Core Benefits of Cannabis Receivership: Transparency and Accountability
A receiver’s focus on cannabis business accountability and transparency benefits all involved parties.
Dotan Y. Melech, President and Executive Director of Corporate Monitoring & Consulting Services, United CMC
With cannabis still listed as a Schedule I controlled substance at the federal level, the ability for cannabis businesses to file for bankruptcy protection remains off the table. However, receivership is a viable option that offers many benefits for an enterprise in distress.
In cannabis receivership conducted through the courts, debts can be resolved, asset values maximized and operational issues identified and addressed to stabilize revenue generation.
A court-appointed receiver’s primary responsibility is to determine what needs to be done in the interest of the distressed business, and their strategy starts with accountability and transparency—two foundational aspects of receivership. Both are necessary, but do not always transpire as one might expect. I wanted to share some of my perspective as a receiver who has worked with cannabis enterprises both large and small.
When a court appointed receiver takes over operational control of the enterprise and begins to analyze the issues facing the business, he or she is beholden to the court to determine the best way for the cannabis business to move forward.
The receiver does hold some discretionary power, though, because the order from the court can be designed and customized to determine the level and frequency of transparency reporting in a receivership. Documentation produced after research and investigation into financial issues, business relationships and activities, as well as asset analysis, can be scheduled according to the objectives of the receiver pursuant to the receivership order.
Similarly, some of those reports do not have to be filed publicly. Receivership is performed in the best interest of the company and its creditors, and the ability to file either under seal or publicly is an important tool that the receiver can use, subject to court approval, to control the degree of (public) transparency throughout the receivership process.
Publicly disclosing certain information is not always in the best interest of the receivership estate, and of the involved parties. An example of an instance where filing under seal would be the proper strategy: There are proprietary holdings or intellectual property that if made public would cause the company to lose competitive advantage and put it in even more distress, to the detriment of creditors and investors. Likewise, the distressed cannabis business might benefit from certain information technology data remaining confidential. The receiver must remain mindful that some reports in the public record could be harmful to the company and carefully manage the level of transparency.

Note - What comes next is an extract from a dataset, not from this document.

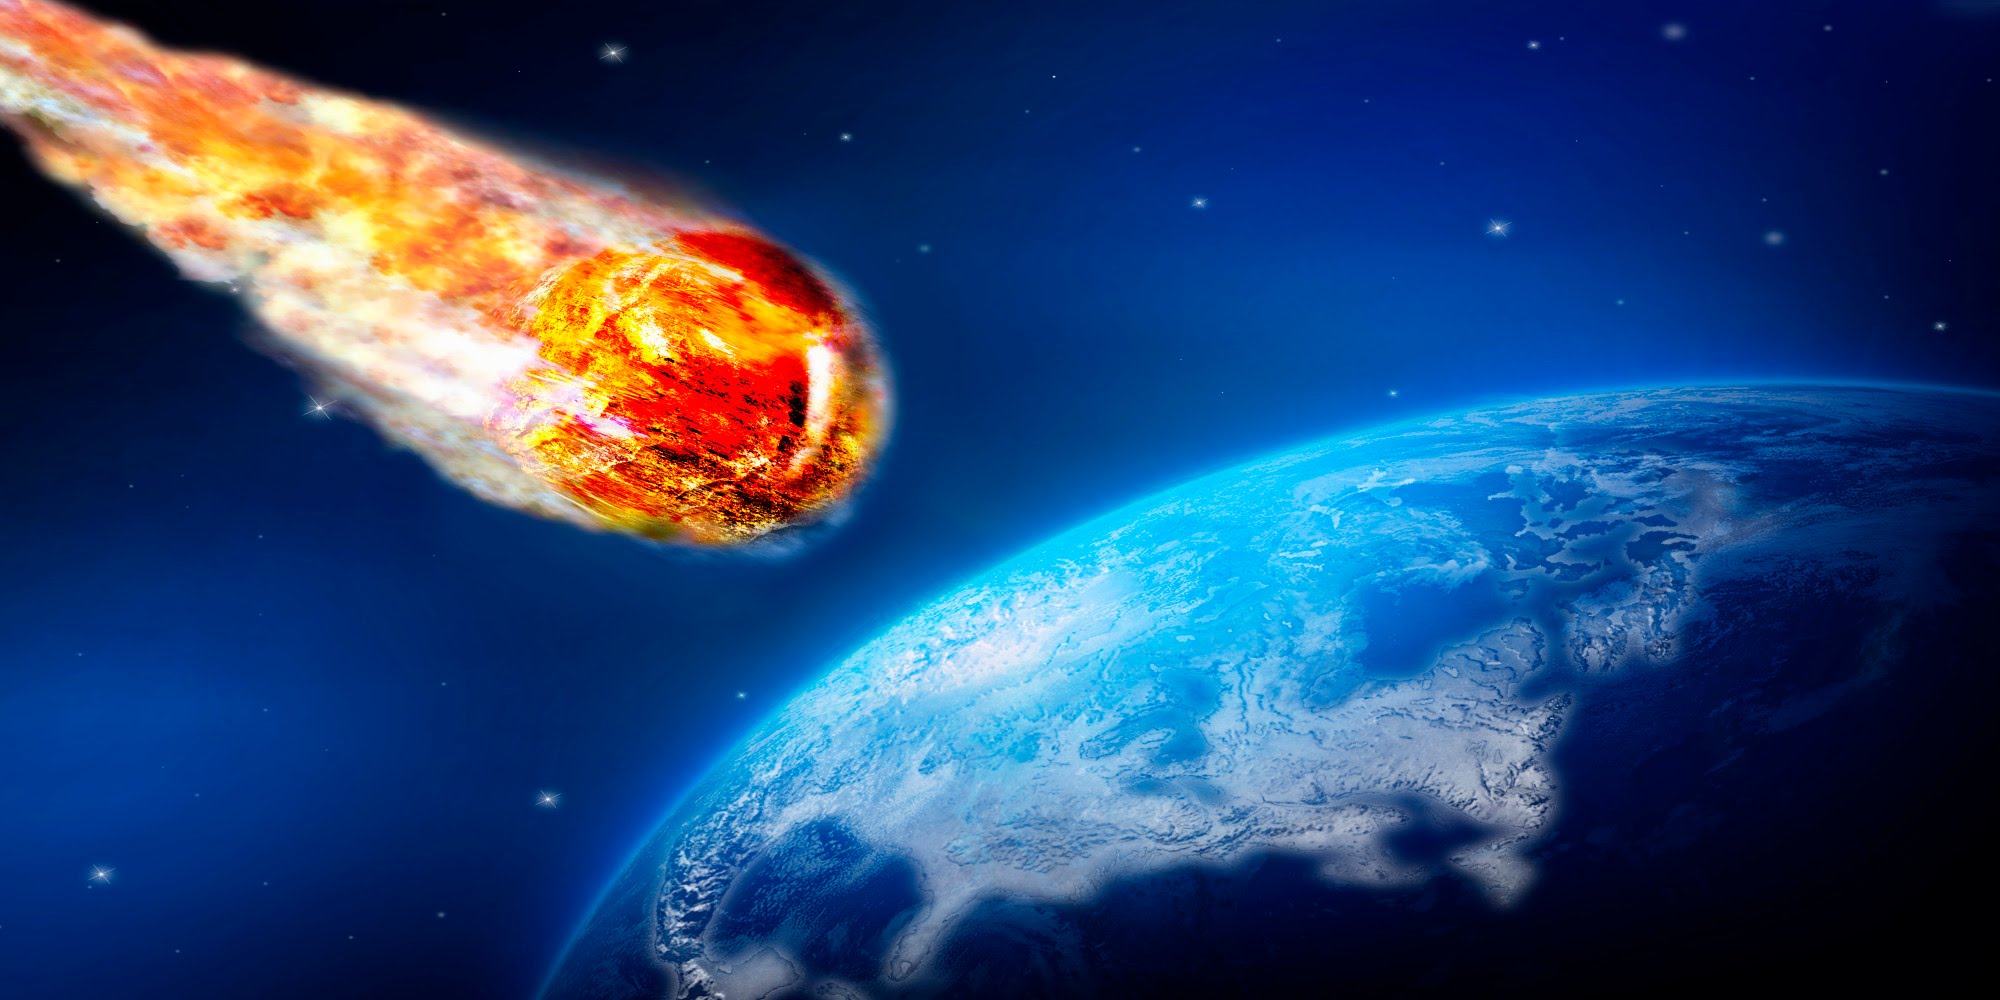 Βίντεο: Η φλόγα στον ουρανό τελικά δεν ήταν μετεωρίτης – Το βίντεο που αποκάλυψε την αλήθεια

Receivership transparency works best when the receiver has the ability to make judgment calls, use common sense, and be sensitive to potentially dangerous information. This must always be done with the goal of keeping the court satisfied that the process is moving forward in a clear-cut manner and information is disclosed in a way that will satisfy the creditors and investors.
The receiver is accountable to the court and ultimately reports to the judge. And in order to best satisfy his or her responsibilities, the receiver must be able to mitigate risk from potential regulatory investigation and enforcement in the early stages of receivership as all the facts about the distressed cannabis business are gathered.
This means that ideally, as receivers, we need to be granted the time and access to create the right environment for research and discovery into the distressed cannabis business in order to best provide accountability to the courts. If business operations are interrupted by regulatory impediments shortly after the appointment of the receiver, the process can not proceed in an efficient manner and may create an environment that impedes the receiver’s responsibilities to the court.
Without some type of established grace period by the regulatory authority that allows a receiver to dig into the raw data and work with unfiltered information, true business accountability is very difficult to achieve.
Any audits or enforcement of pre-receivership violations by regulators, in the first 90 days of the receivership, will interrupt the receiver’s work. To achieve optimal results, regulators must trust and allow the receiver the necessary time to address issues discovered during the first critical months of the receivership. This will also ensure that reports are not influenced by outside oversight and can be objectively maintained to protect the entire estate while the property, assets and financial records are organized and assessed.